The neural correlates of episodic retrieval ('recollection') have been shown to differ according to the content of retrieved episodes. It has been hypothesized that these content-dependent differences reflect the 'reinstatement' of encoding-related processes or representations at the time of recollection. It remains unclear, however, whether these effects directly reflect the recollection of differential episodic content, as would be predicted by the reinstatement hypothesis, or whether they are instead associated with processes that are contingent on successful recollection.

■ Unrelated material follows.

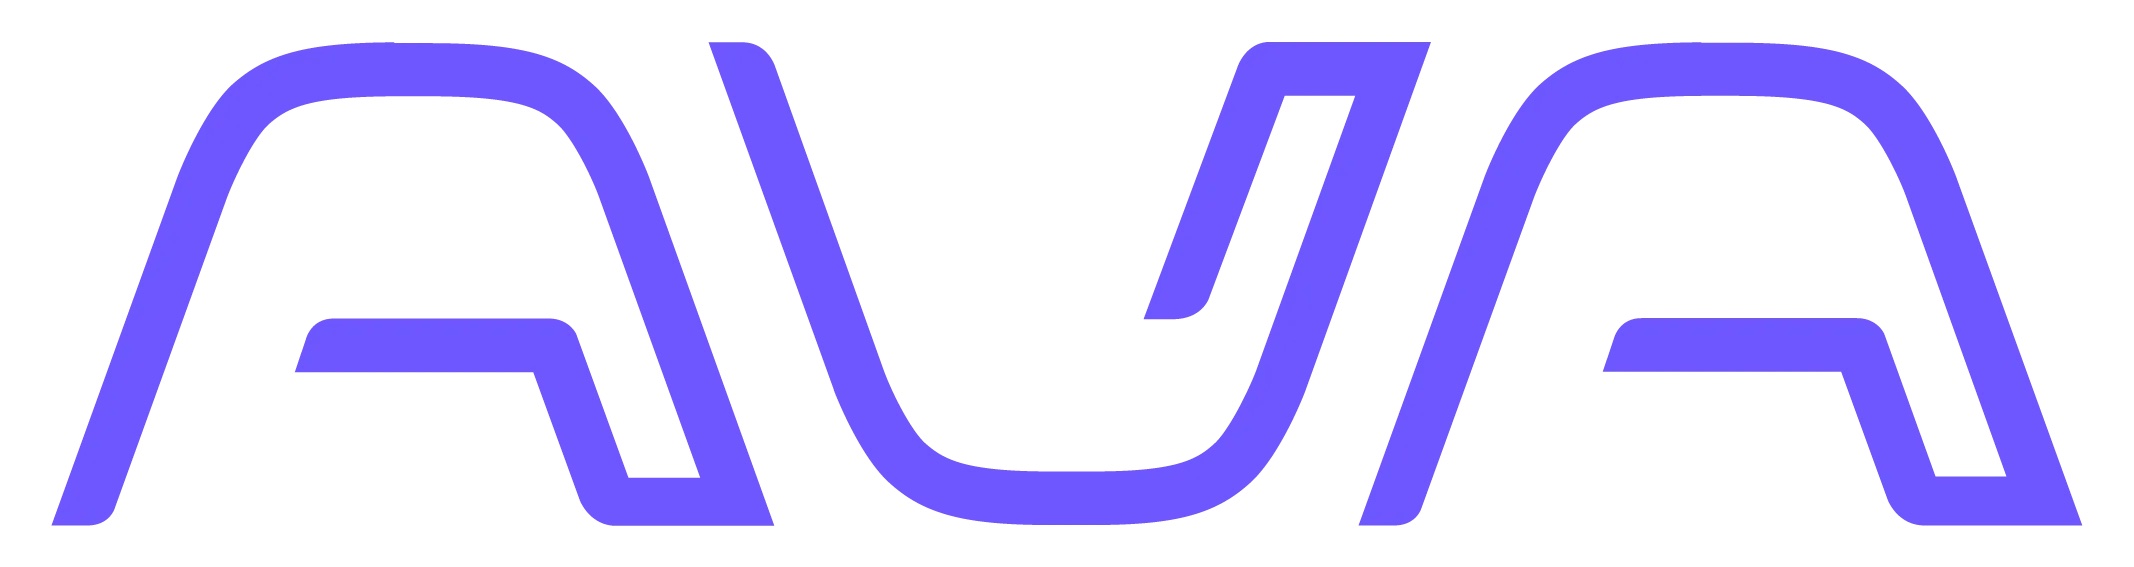 Ava Security logo
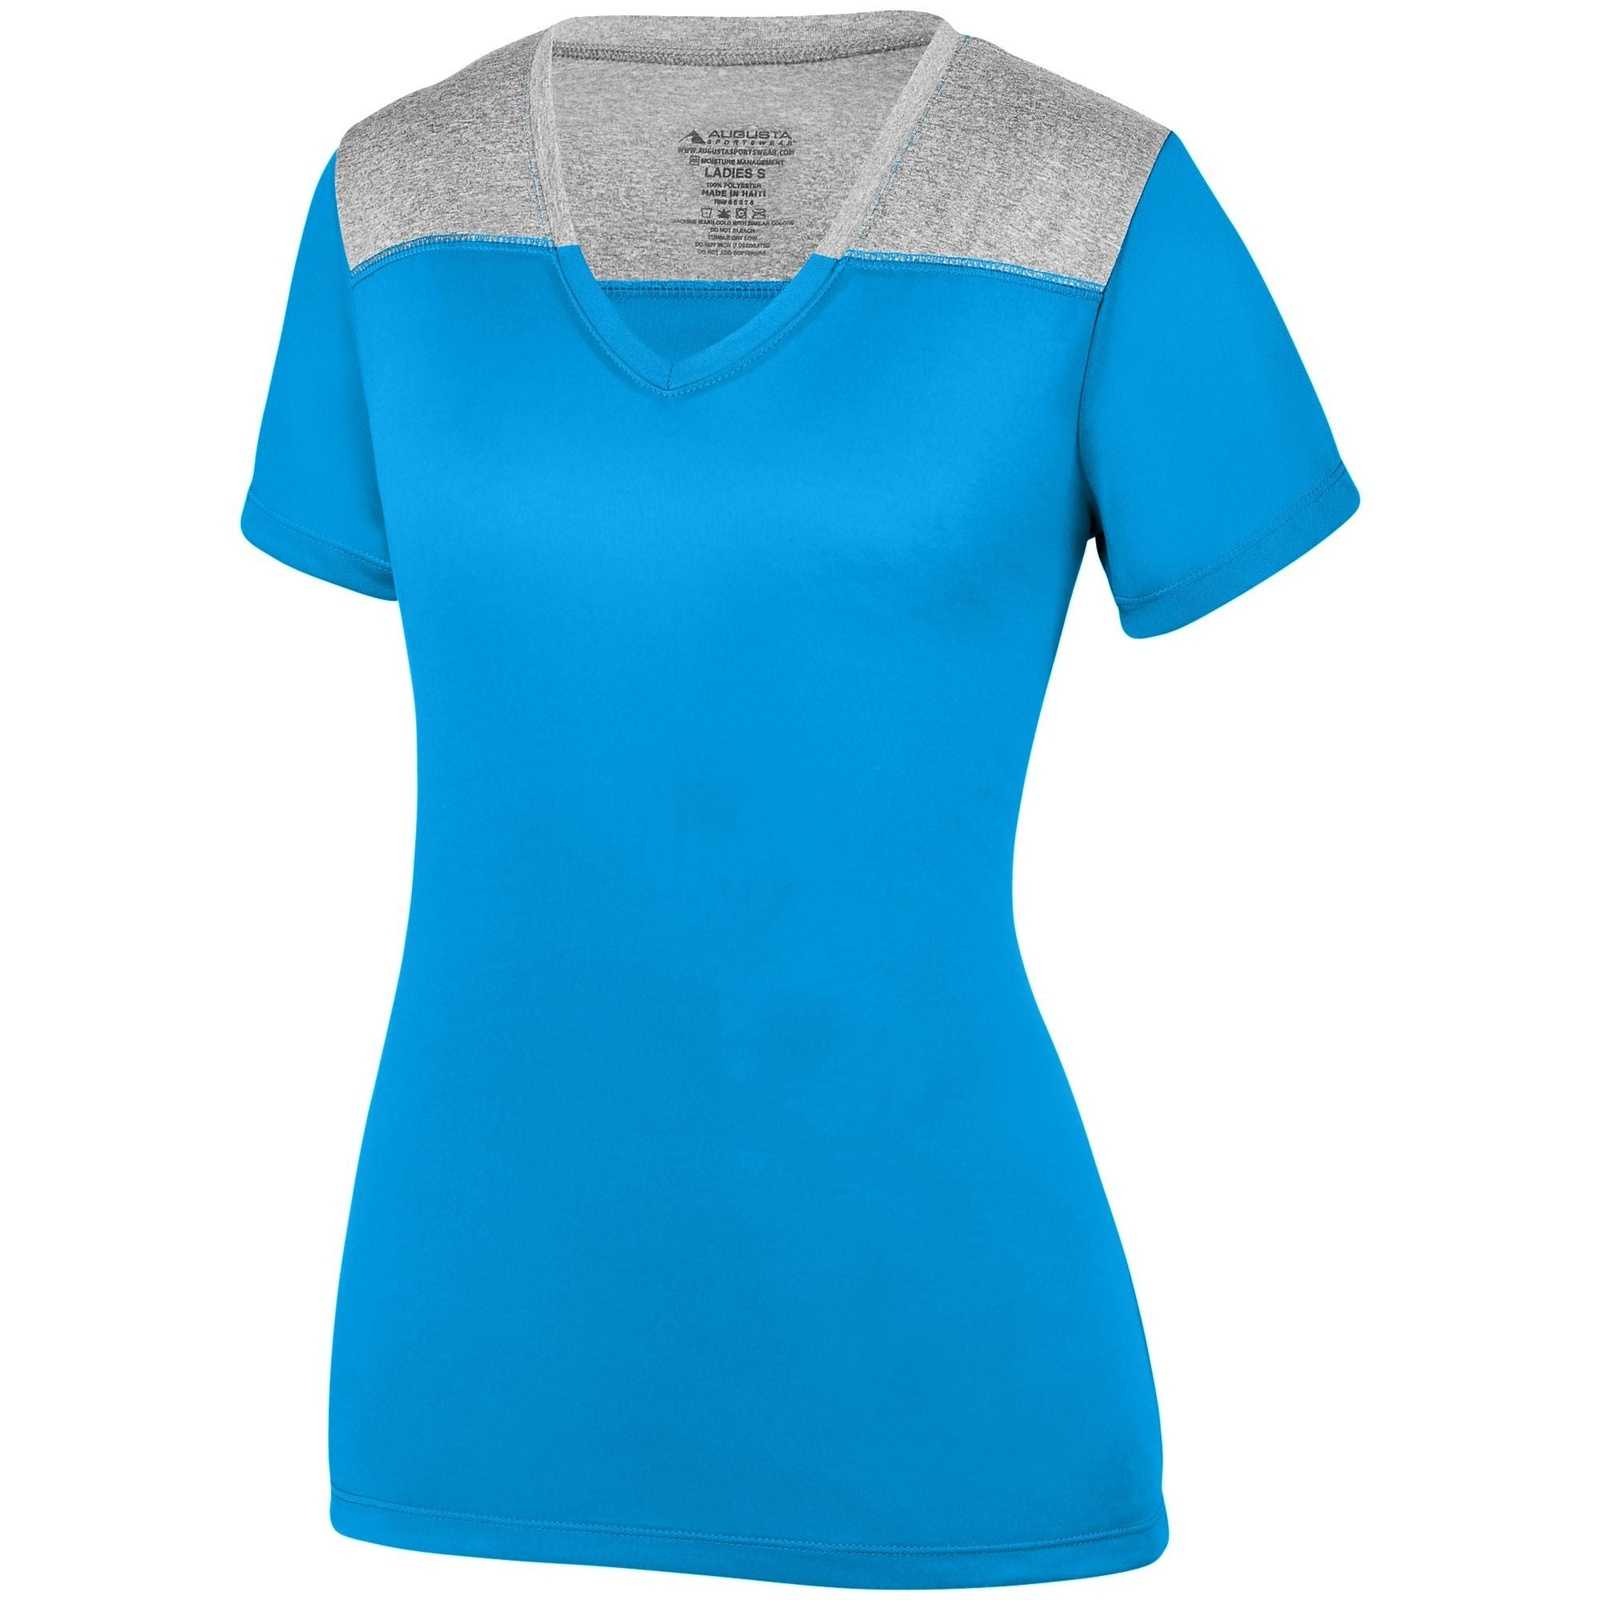 Augusta 3057 Ladies Challenge T-Shirt - Power Blue Graphite Heather - HIT a Double

To address this issue, the present study employed event-related potentials (ERPs), permitting the investigation of the temporal dynamics of content-dependent neural effects during retrieval, and in particular, their onset with respect to well-established ERP correlates of recollection, such as the left parietal old-new effect. Subjects studied a series of words that were each presented in the context of one of two encoding tasks. One task required the covert generation of a sentence incorporating each word, whereas the other required imagining the object corresponding to each word within a superimposed scenic picture. Memory for the words was subsequently tested with the 'remember/know' procedure. ERPs elicited by recollected words differed according to the prior encoding history of the word, beginning at approximately 300 ms following word onset. These content-dependent ERP differences were maximal over the anterior scalp and, importantly, onset as early as the left parietal old-new effect. The findings demonstrate that content-dependent neural activity during retrieval can occur in a timeframe that is compatible with a direct role in the recollection and representation of episodic information.